The crime lord’s dominion grew weaker, his loyalties were few; a great raid rent the palace apart, and sent the blade flying through the rubble. It was picked up months later by a scavenger group, who added it to a weaponry haul bound for Coruscant. But they stopped on Takodana first for a supply run, and to trade information with colleagues there. 

The saber entered the keep of Maz Kanata strapped to the travel-pack of another Weequay raider. And Maz Kanata felt its presence at once. She came to stand mere feet from it, listening, feeling the flow of the Force. She did not take her eyes off of it. For hours she sat in a round booth at the end of the great room, bargaining with the raiders. Darkness fell and an orange light illuminated the table, and still they spoke. They left Maz, agitated, and stormed back towards the door to the hall. On their way out, one raider mysteriously tripped over a small Dug with a hurt hand, and a brawl ensued. The saber went missing from the Weequay man’s pack, and when he and his comrades limped away from the scene, he seemed to notice its absence, but a glazed look fell across his face briefly, and he turned and walked out, muttering to himself “I will leave without the lightsaber.”

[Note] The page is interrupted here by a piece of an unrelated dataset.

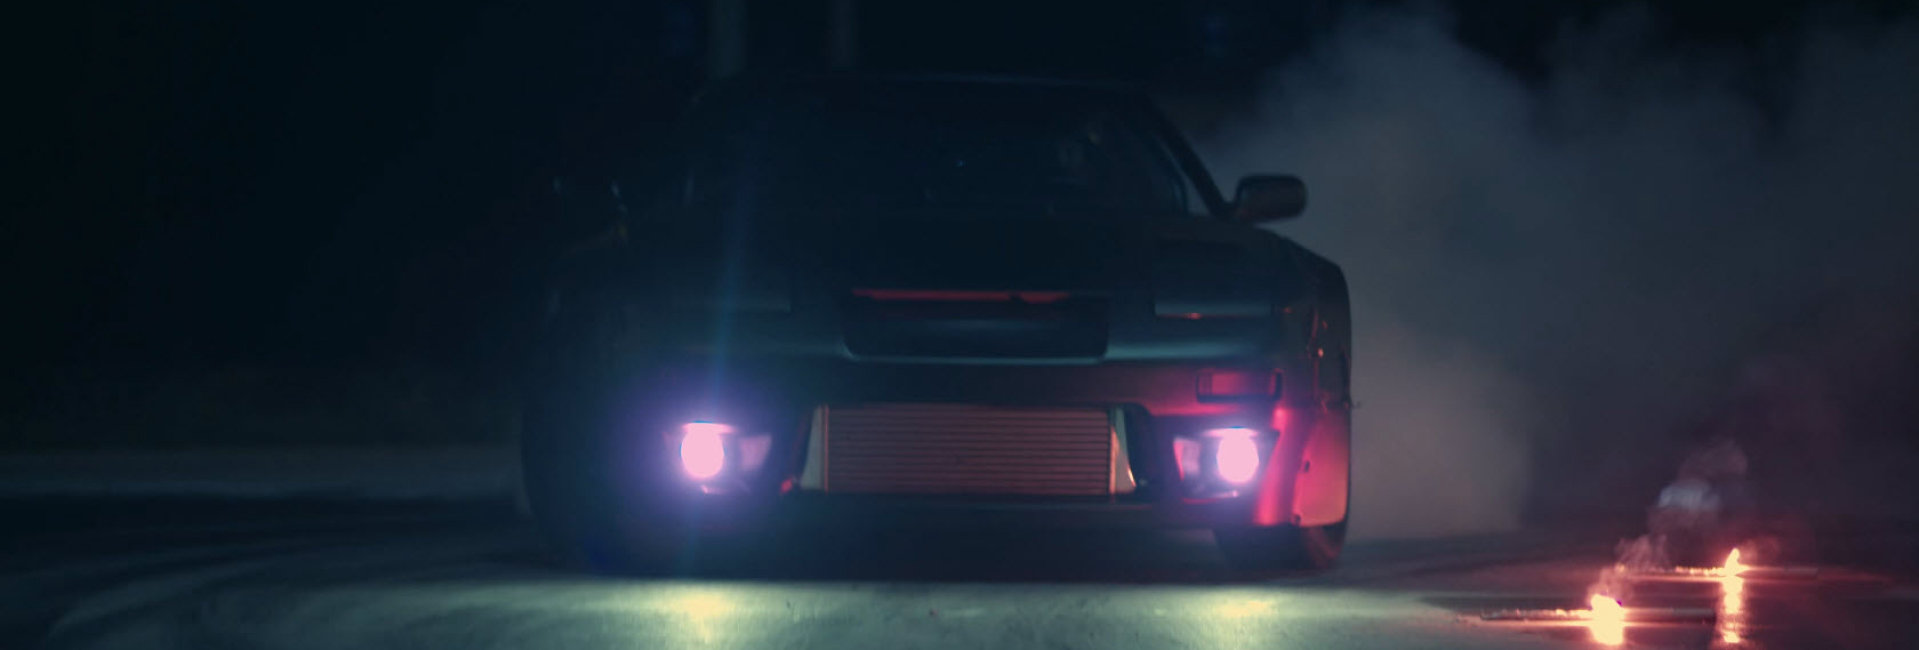 Driftcar mit farbigen LED Nebelscheinwerfern von Osram

Maz Kanata was wary of the weapon. Her soft hands felt the thrum of its mechanics, and she wandered through its visions, but she shut out its quiet hum. For hours she sat and watched it, the weapon laid out across a table in her private rooms. She tucked her legs beneath her and meditated, seeking guidance from the Force. All the while she could feel the blade, cold and distant, with a weakened hum.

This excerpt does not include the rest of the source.